Comme le Québec, la Corée du Sud a connu une sorte de révolution tranquille qui a fait entrer la péninsule dans la modernité, il y a quatre décennies. La « vague » culturelle coréenne vise aussi à affirmer l’identité nationale face à des voisins titanesques appelés Chine et Japon.
Les Québécois ont longtemps été mus par le ressentiment contre les « Anglais ». Les Coréens, eux, expriment une profonde colère contre les Chinois et les Japonais, voisins encombrants qui ont envahi successivement la péninsule. Ce sentiment de révolte est appelé han — et c’est le nom de l’ethnie chinoise majoritaire (phonétiquement parlant, le caractère chinois étant différent).
« Le han, c’est la colère ancestrale d’avoir été vaincus par plusieurs pays depuis des millénaires, dit Euny Hong. C’est aussi la motivation pour le succès de la Corée. Le gouvernement voulait dépasser la culture populaire japonaise. Samsung avait pour but de dépasser Sony. J’ai l’impression que ça a fonctionné. »
Stratégie de convergence
Pour tenir tête aux Chinois et aux Japonais, la petite Corée du Sud (51 millions d’habitants) a adopté avant l’heure une sorte de stratégie de convergence semblable à celle de Québecor : l’État a investi massivement dans Internet à haute vitesse pour devenir le pays le plus branché du monde. Les fonds publics ont soutenu la création de studios d’enregistrement et de salles de spectacle.
Le gouvernement verse 500 millions par année au ministère de la Culture dans le but précis de stimuler les exportations. L’État a aussi créé un partenariat public-privé de un milliard de dollars pour financer la production de culture populaire. Bien sûr, tous ces artistes chantent, dansent et jouent dans des téléséries en langue coréenne. Et le public suit leurs exploits sur un écran plat « made in Korea » par Samsung ou LG.

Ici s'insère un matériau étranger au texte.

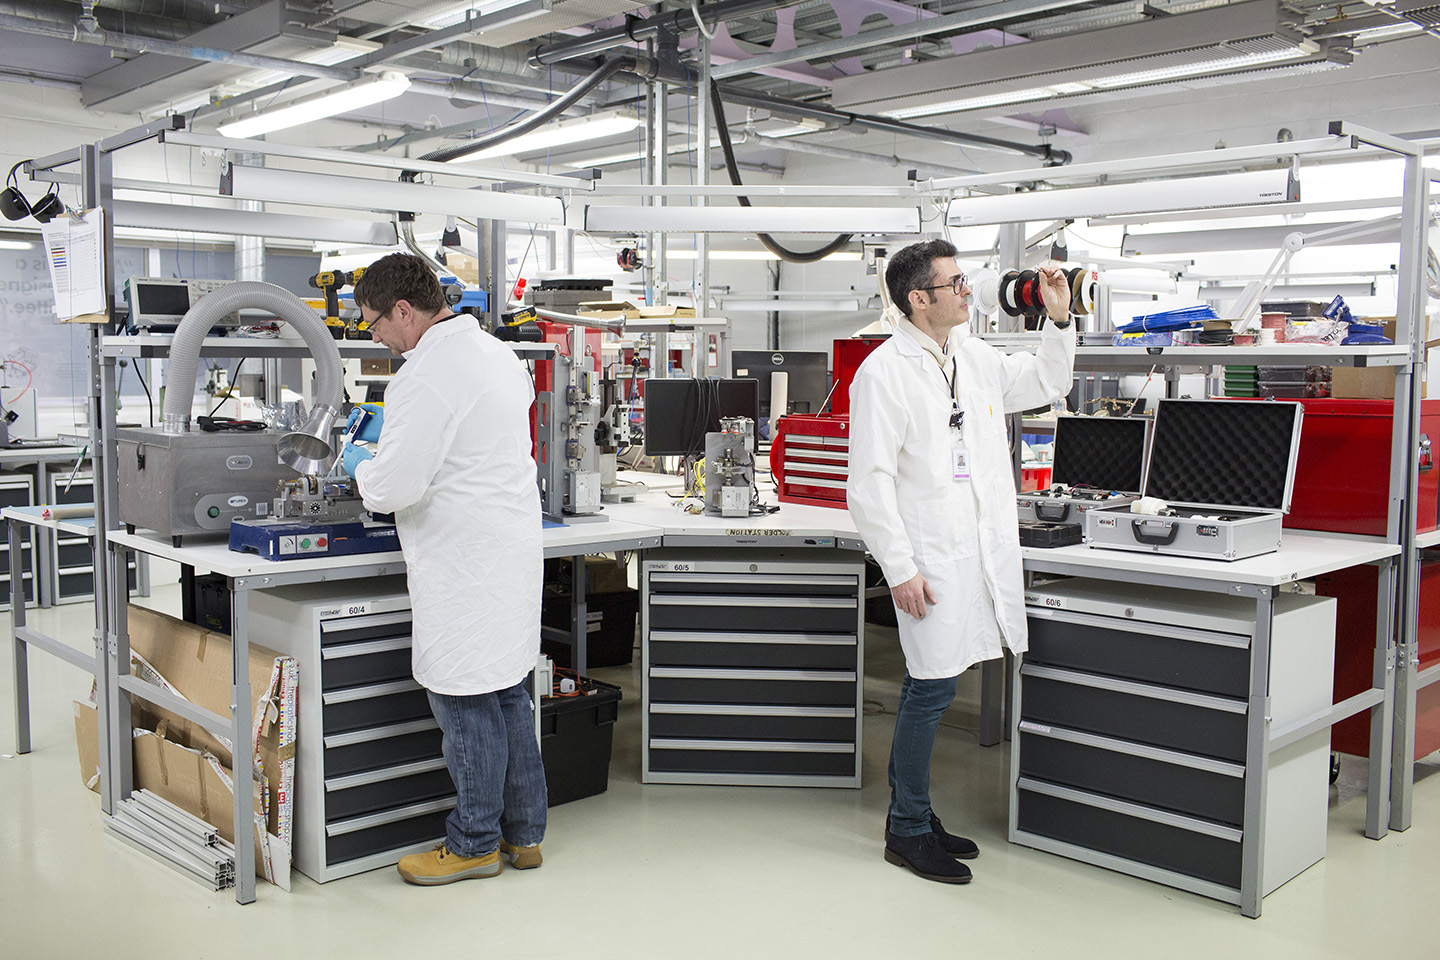   The motors build lab at Dyson headquarters.&nbsp;

La multiplication de la bande passante partout dans le monde, il y a une décennie, a répandu la K-pop comme une traînée de poudre. Les artistes comme BTS, K.A.R.D ou Girls Generation se font connaître d’abord et avant tout sur YouTube. Des ados de Téhéran, de Paris ou de Montréal connaissent par coeur les chorégraphies de leurs idoles.
Respect pour l’autorité
L’État a augmenté les impôts des entreprises pour financer ce plan d’exportation culturelle. Le gouvernement a imposé sa stratégie aux chaebols, ces conglomérats hybrides, issus à la fois du public et du privé, selon une recette typiquement coréenne.
« Le gouvernement coréen a décidé qu’il fallait changer la direction de l’économie parce que le pays était trop dépendant des grandes entreprises. Par exemple, Samsung représentait un tiers du PIB. Après la crise financière de 1998, il était clair que l’échec éventuel d’une des entreprises mènerait le pays à la dépression », explique Euny Hong.

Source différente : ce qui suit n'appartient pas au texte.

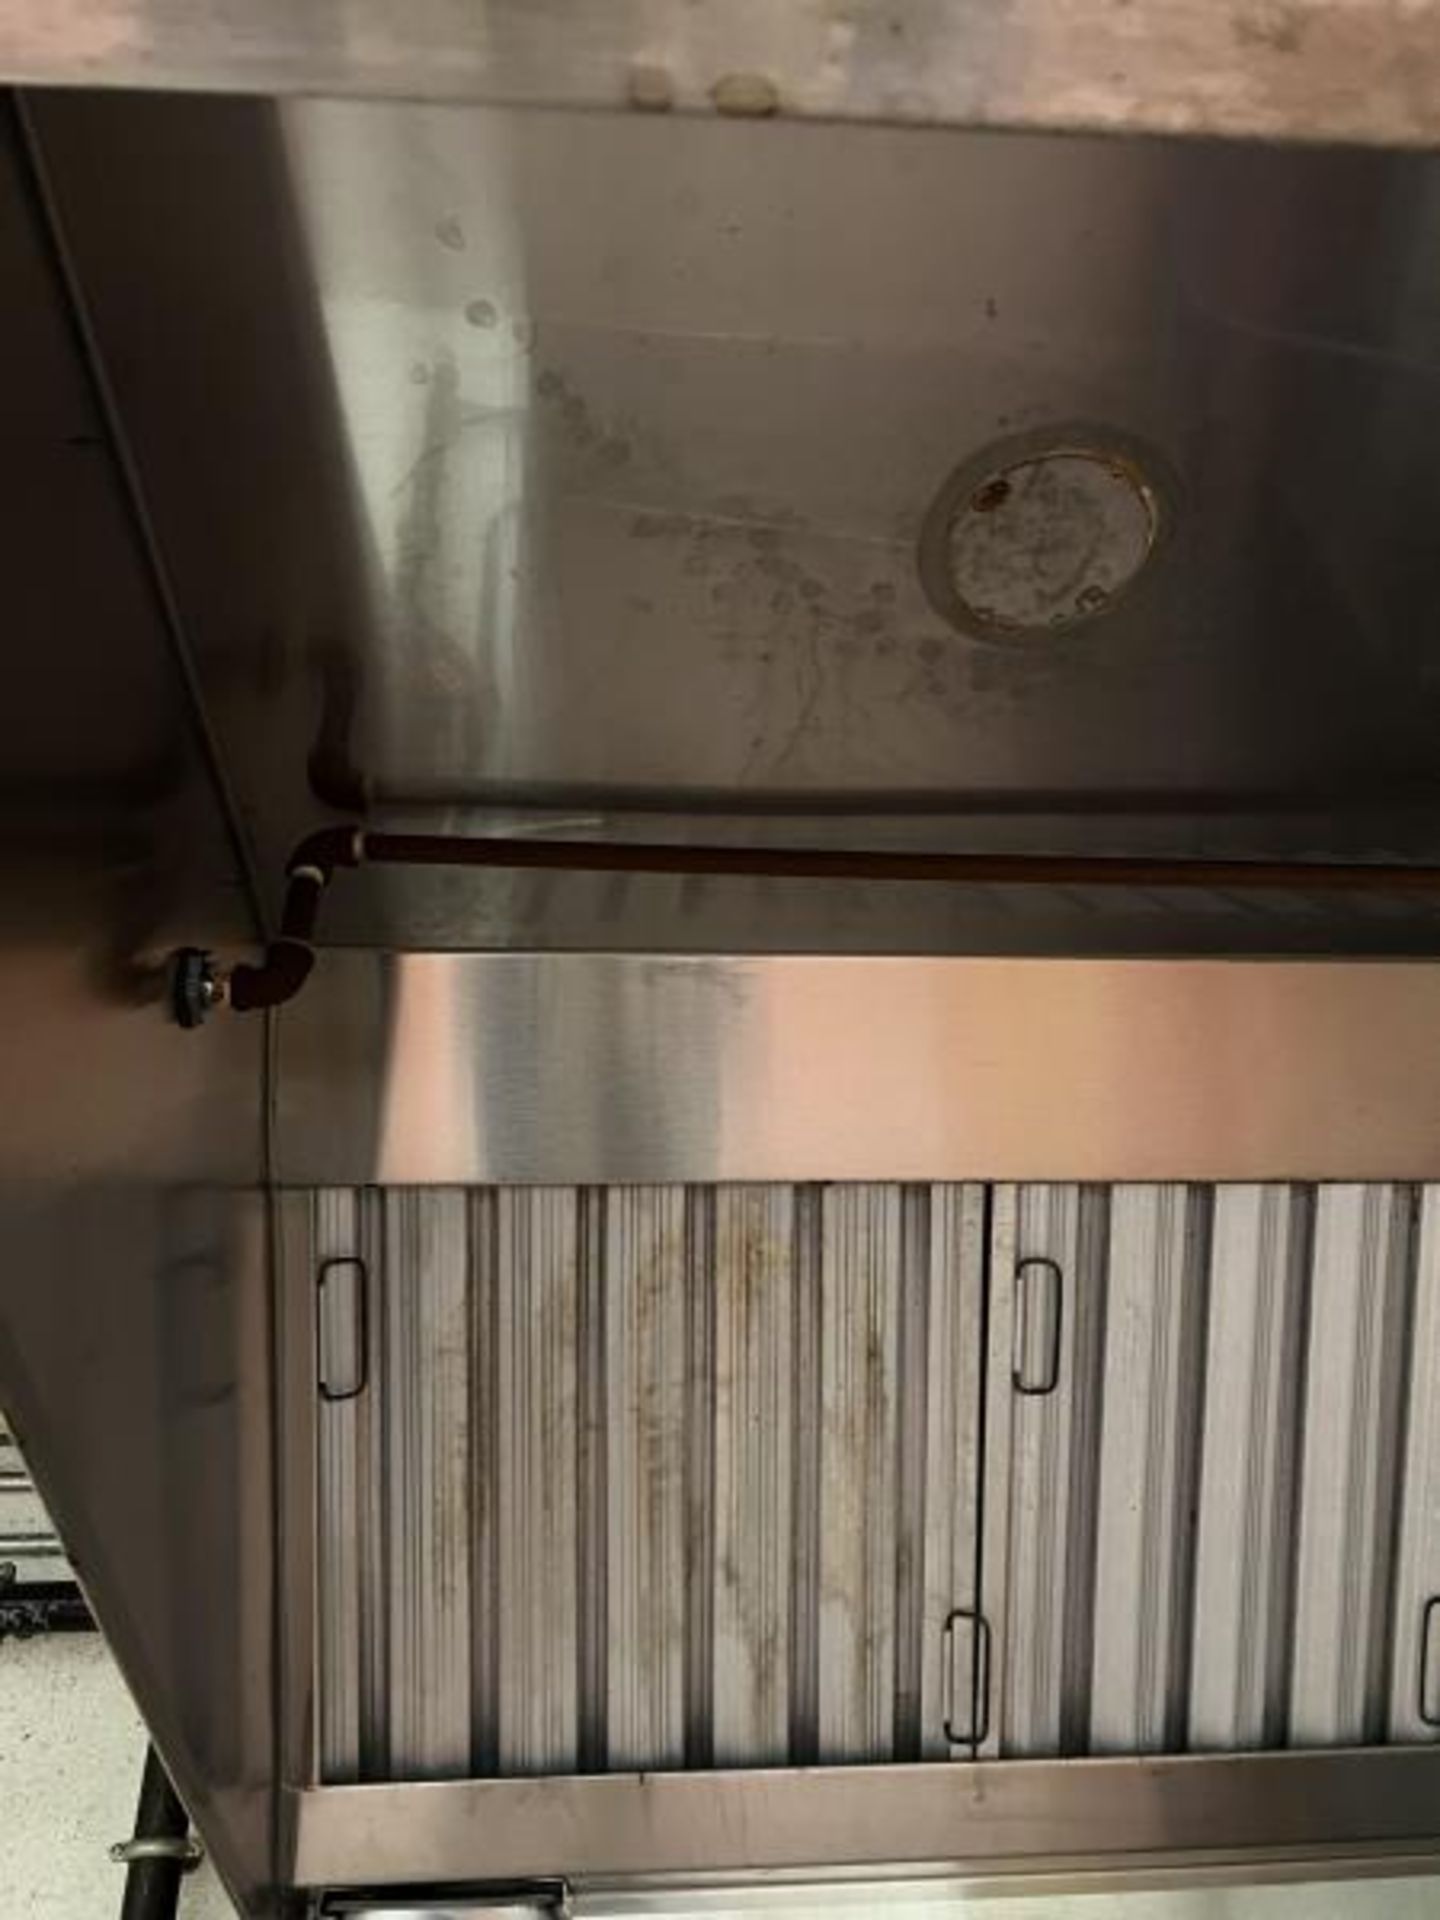 Exhaust Hood 12' Long in Basement Kitchen - Image 2 of 5

Une planification économique avec une main de fer comme celle-là serait impossible dans une démocratie occidentale. Le poids des traditions pèse encore lourd en Corée, observe Euny Hong. Elle se souvient du choc qu’elle a vécu en débarquant avec ses parents à Séoul, à l’âge de 12 ans, en 1985. « Pour une raison que j’ignore, il était interdit de mettre les mains dans nos poches, raconte-t-elle. Il était aussi interdit d’avoir les cheveux bouclés, sauf si c’était naturel. Et il fallait une attestation du médecin ! »
Euny Hong et d’autres se demandent maintenant si le soft power coréen viendra à bout de l’imprévisible régime nord-coréen, qui agite la menace d’une guerre nucléaire. « Chose certaine, les Coréens du Sud n’ont peur de rien. Toutes ces menaces de la Corée du Nord ne sont rien d’autre que du chantage. »
Précision : cet article a été mis à jour pour souligner la différence manuscrite des caractères « han » qui décrivent un sentiment de révolte et le nom l’ethnie chinoise majoritaire.